1. Définition & importance
La relation médecin–malade est le fondement du soin.
Elle combine :
- Science (diagnostic, traitement)
- Éthique (respect, autonomie, confidentialité)
- Humanité (écoute, empathie, présence)
Elle influence directement :
- la confiance,
- l’adhésion au traitement,
- la qualité et la sécurité des soins,
- le pronostic.
2. Modèles de la relation
- Paternaliste : le médecin décide ; patient passif.
- Informatif : médecin informe ; patient choisit seul.
- Partenarial (moderne) : décision partagée.
- Humaniste : prise en compte des émotions, valeurs, contexte social.
3. Dimensions essentielles
- Cognitive : information claire, vulgarisation.

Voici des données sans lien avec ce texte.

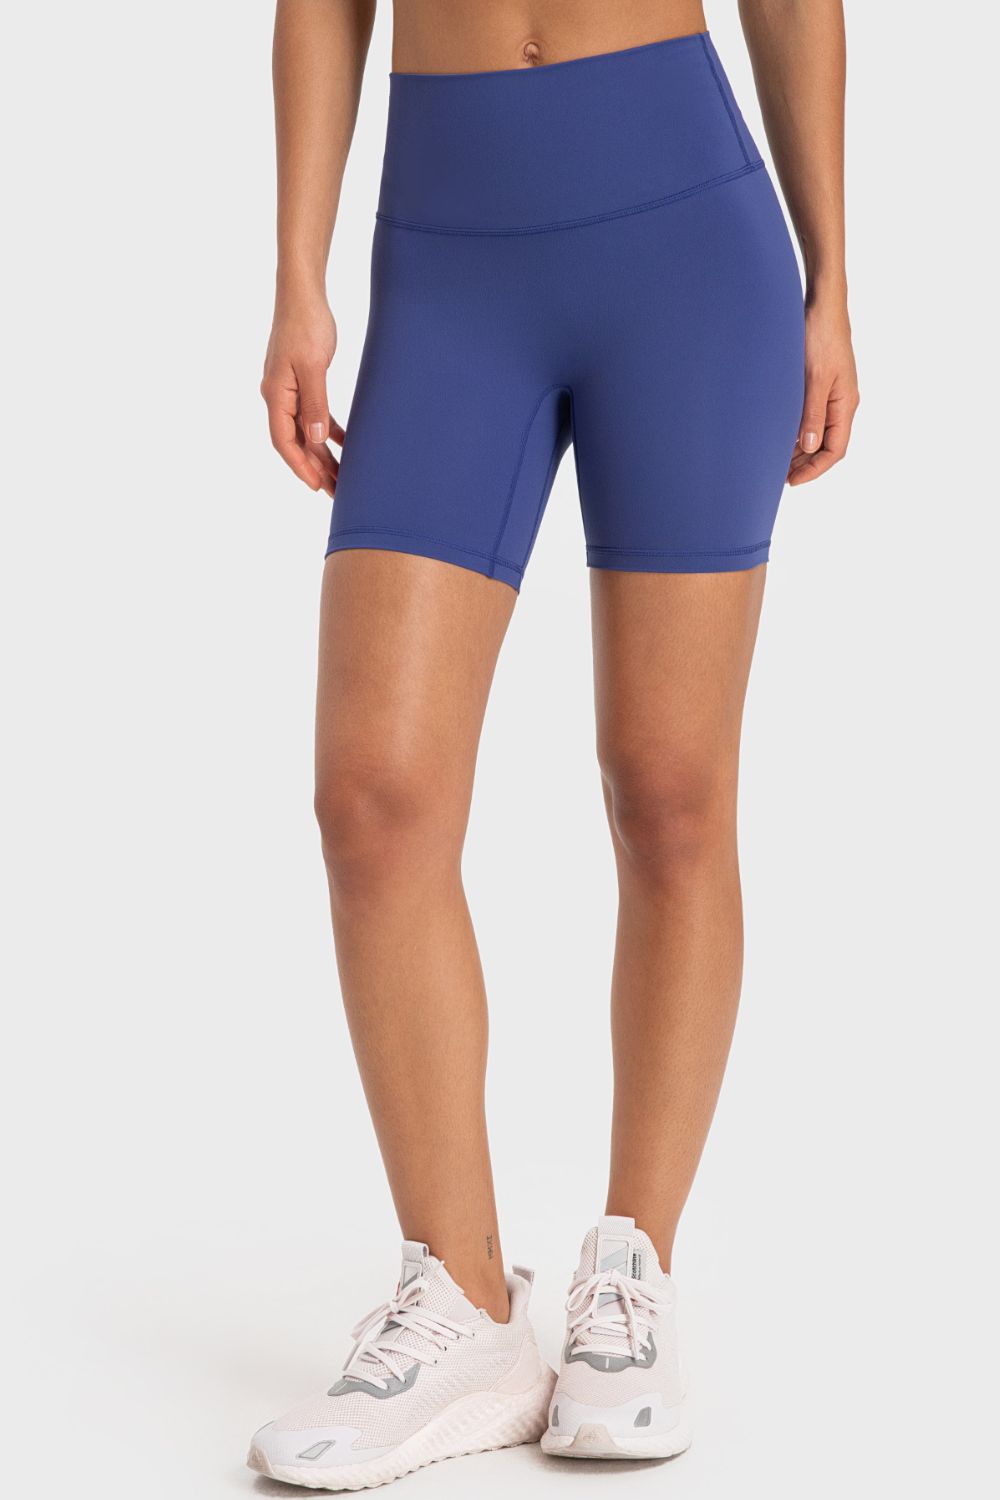 Mid-Leg Biker Shorts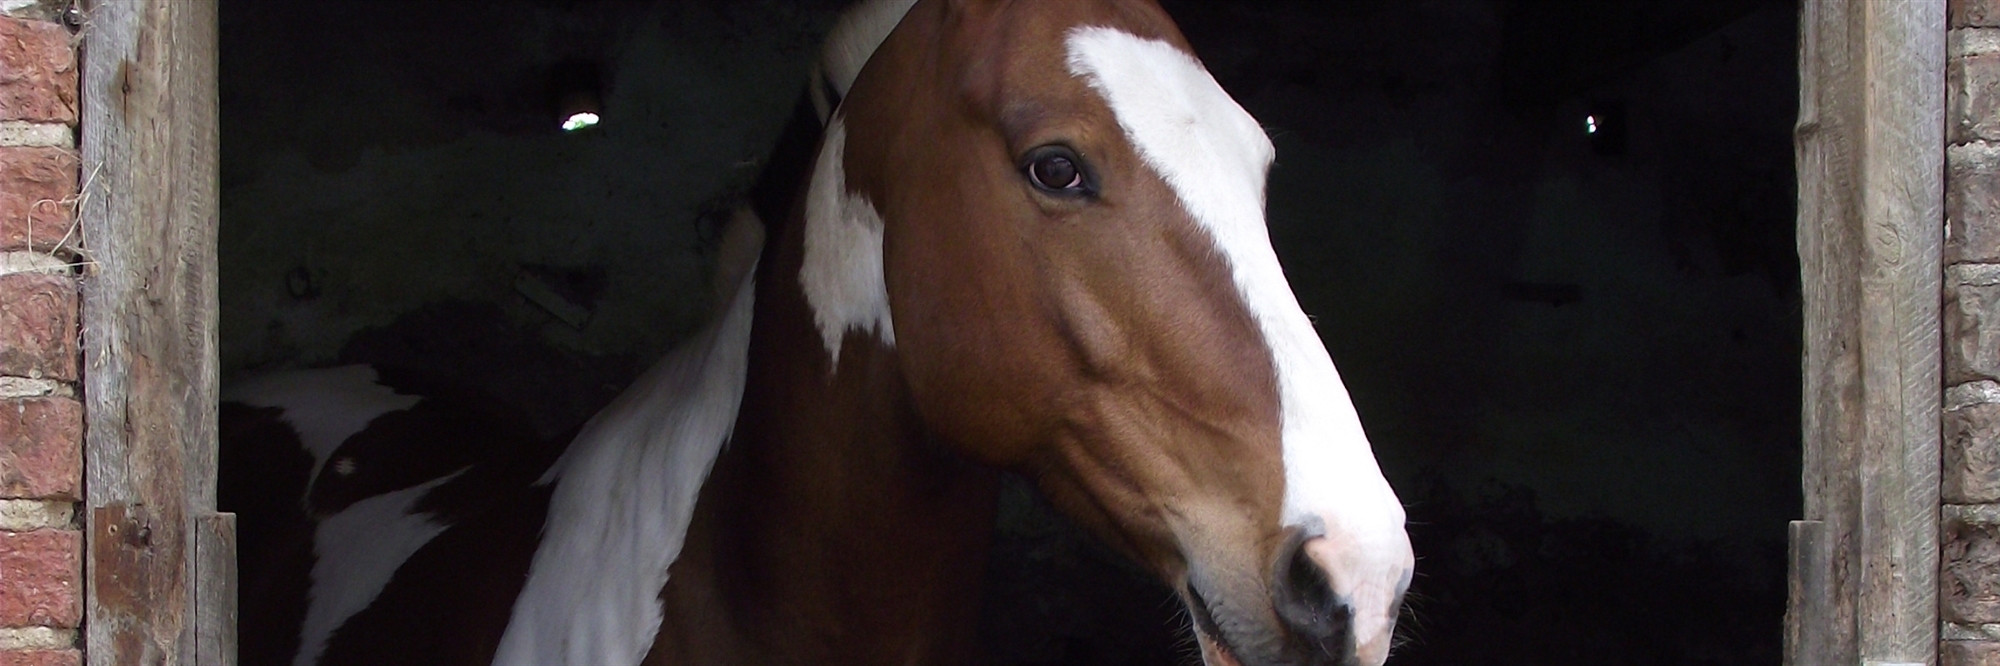 Chestnut horse head photo

- Affective : reconnaissance des émotions.
- Éthique : autonomie, dignité, justice.
- Sociale/culturelle : contexte de vie, croyances.
- Symbolique : médecin = sécurité, savoir.
4. Compétences relationnelles du médecin
- Écoute active : silence, reformulation, validation émotionnelle.
- Empathie : comprendre sans fusionner.
- Authenticité : sincérité, congruence.
- Langage adapté : éviter jargon, expliquer simplement.
- Communication non verbale : regard, posture, ton de voix.
5. Obstacles à la relation
Côté médecin : stress, fatigue, préjugés, manque de temps.
Côté patient : anxiété, méfiance, incompréhension.
Institutionnels : saturation, manque de confidentialité.
Conflits : attentes irréalistes, refus de traitement, erreurs.
6. Éthique dans la relation
- Consentement éclairé
- Confidentialité
- Bienfaisance / non-malfaisance
- Justice
- Décision partagée
- Annonce éthique des mauvaises nouvelles (SPIKES)
7. Communication médicale
Étapes clés :
- Accueil
- Recueil du motif
- Explication du diagnostic
- Décision thérapeutique partagée
- Conclusion + vérification de compréhension
Outils : Calgary–Cambridge, reformulation, SBAR.
8. Relation à l’ère numérique
- Accessibilité, suivi facilité
– Risque de déshumanisation
→ Maintenir présence, regard, empathie même en téléconsultation
9. Message final
La relation médecin–malade n’est pas un acte secondaire :
C’est le premier traitement, et souvent le plus puissant.
Elle repose sur la confiance, l’écoute et l’humanité.